Wildlife biologist

    Janice Vaz

    Janice Vaz
    Janice Vaz moved from India to Australia to research the behaviours of big cats.

    Winner of the Australian Government Endeavour scholarship Janice Vaz spent her childhood watching nature documentaries, and now as a wildlife biologist her 9-5  life basically is one. Just with a little more lion poop … 

    How did you get into wildlife biology – was there loads of study involved?

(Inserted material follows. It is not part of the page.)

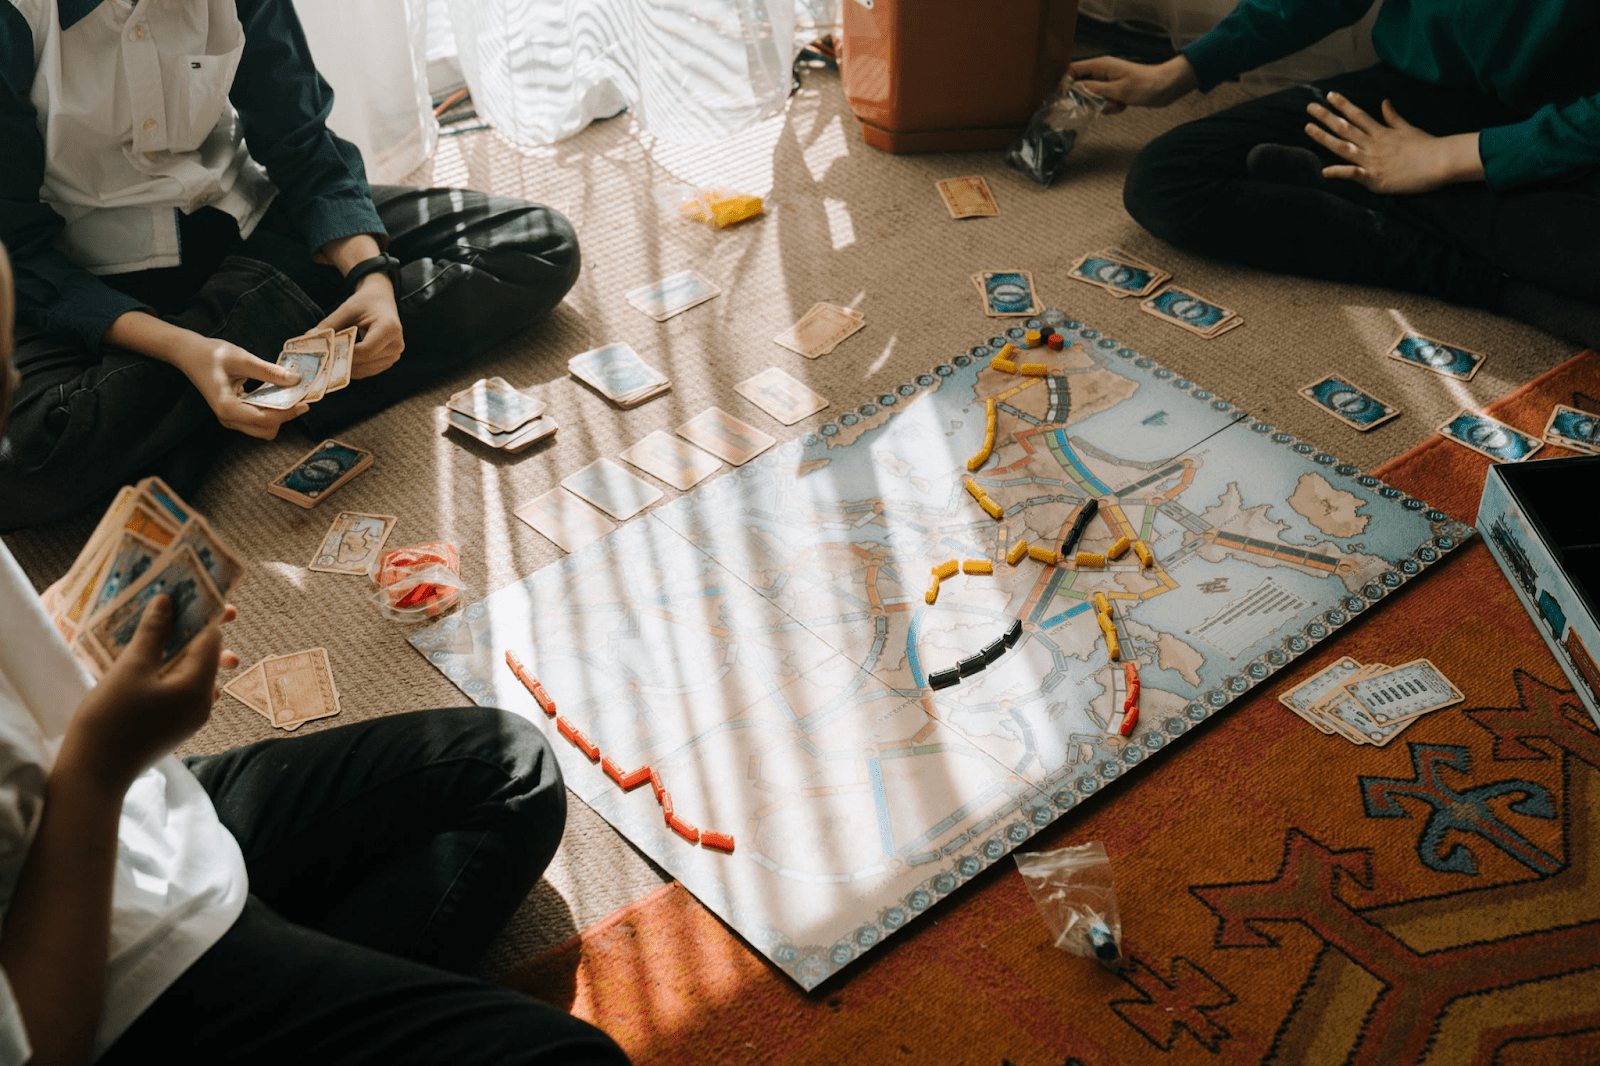 spend time with family board games

    “Yep, and I did most of it in my hometown – Mumbai, India! I originally took up Zoology and Botany so I could learn about animals and plants, but after interning at a private vet clinic [in India] I realised that I didn’t just want to work with sick or injured animals. I decided I was more interested in studying animal behaviours, completed a masters in Wildlife Biology, applied for a doctorate degree and landed the Australian Government Endeavour scholarship which led me to come here to study.”

    Were you always a fan of STEM subjects at high school?

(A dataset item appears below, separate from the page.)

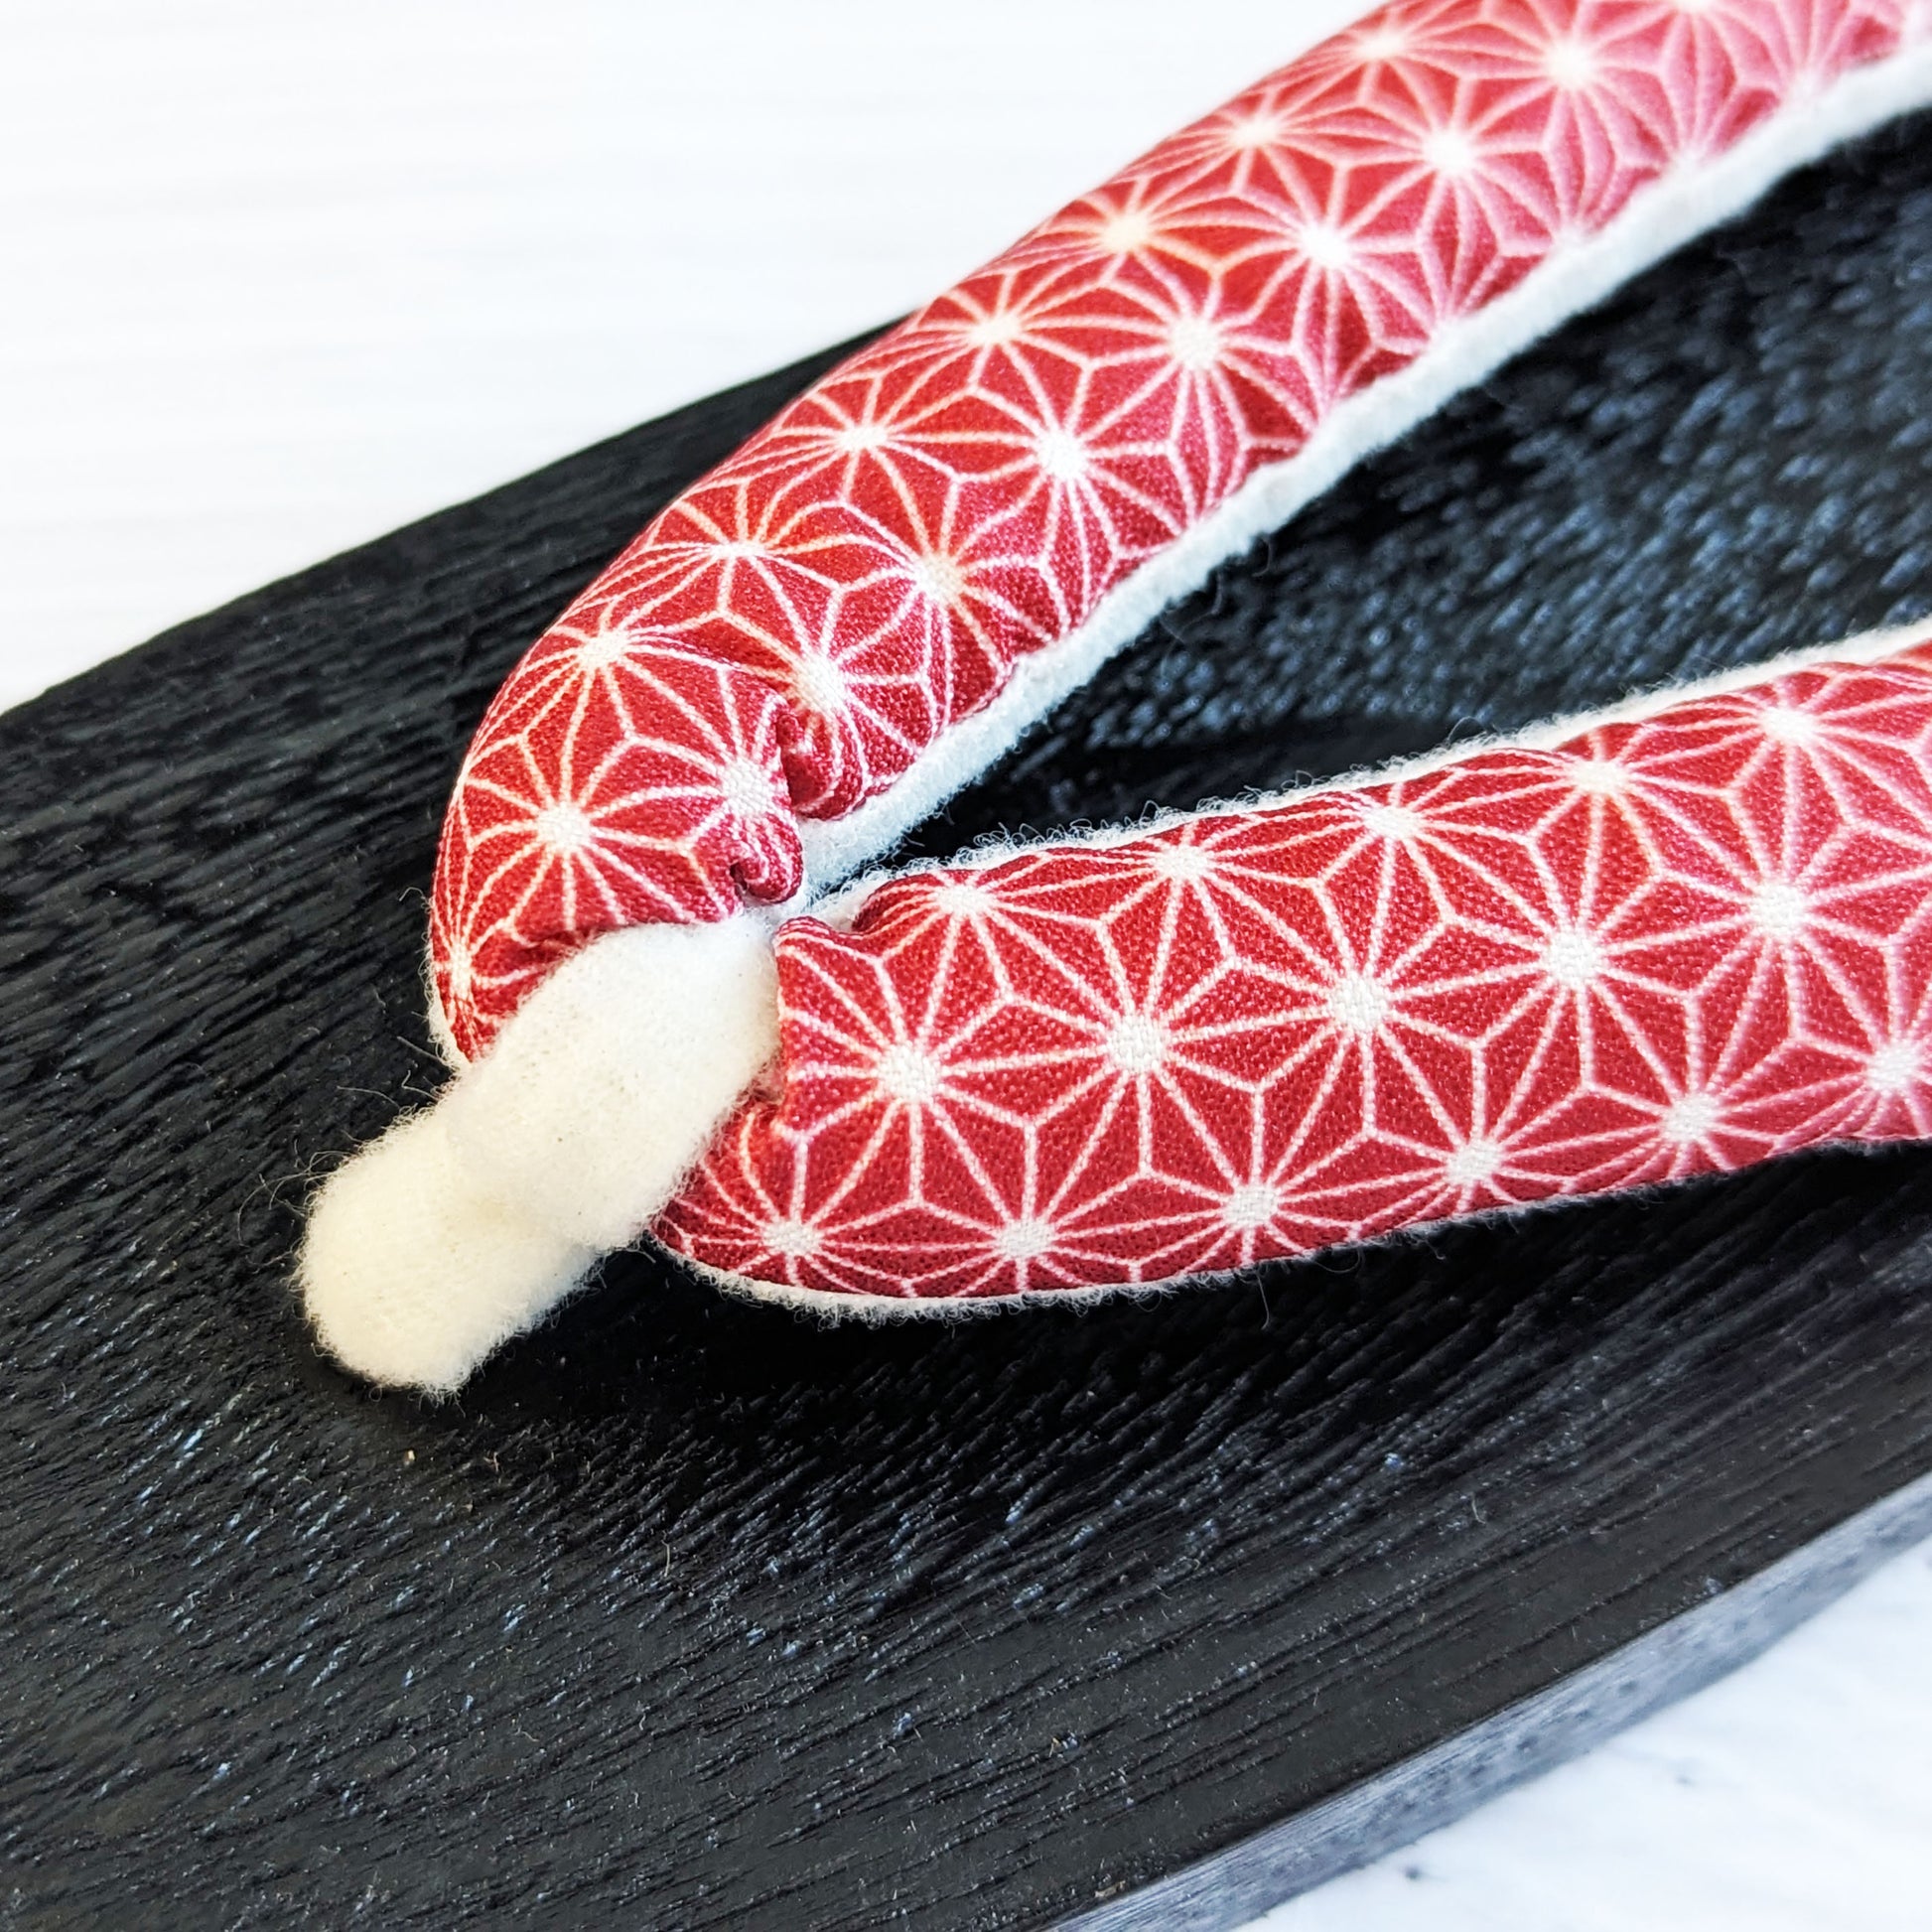 Japanese Geta Sandals - Patterned Red

    “Yep! I fell in love with STEM subjects and I I’ve always liked the career opportunities they’ve presented. I spent most of my childhood watching shows on the Discovery Channel and National Geographic, so Biology has always been my favourite science.”

    Moving from India to Australia must have been huge. What kind of research are you working on here?

    “Big cat personalities! Many lions, tigers and leopards have been brought up or bred in captivity, and so my research looks at their behaviour under stress in order to improve their welfare. Some of the techniques I’m researching will be used in real rescue operations which will improve human-animal relationships and spread awareness about big cat welfare.”

    What does an average work day look like for you?

    “Every day is different! One day I might spend time collecting data and observing a lion’s behaviour. Another I might be in the lab – in my white coat – studying a big cat’s poop. I also work at a desk sometimes writing up my results and findings.”

    Processing a lion’s faecal samples – aka poop – is all in a day’s work for wildlife biologist Janice.

    Have you got a STEM Yoda – someone you really look up to in the industry?

    “I’ve always had excellent mentors, and my current PhD team are great! All of the pets I’ve had in the past have almost acted as mentors too, as they’ve helped me understand animals better.”

    What’s the coolest part about your job?

    “I get to work with big cats! They all have such unique personalities!”

    What do you do when you’re not working?

    “I usually end up drawing or painting animals [laughs]!”

    How different is the reality of working in STEM to the stereotype – that it’s all men in white lab coats with crazy hair?

    “There’s been a huge shift! Gone are the days when science was only taken up to be a doctor or an engineer. Watching women in STEM inspires me! I do believe we have special qualities and talents that can be used to educate others.”

    Any tips for others keen to land a similar gig to yours?

    “Find your passion! Keep trying different options until you find it. Talk to others and get hands on experience which will help you realise what you do and don’t like about a particular career. Keep moving in the direction of what you love!”

    Keen on sussing more animal gigs? Get nature career inspiration here and here

    Cassie Steel

    Author: Cassie Steel

    As Refraction’s digital assistant, Cassie Steel spends her days researching robots and stalking famous scientists on Twitter.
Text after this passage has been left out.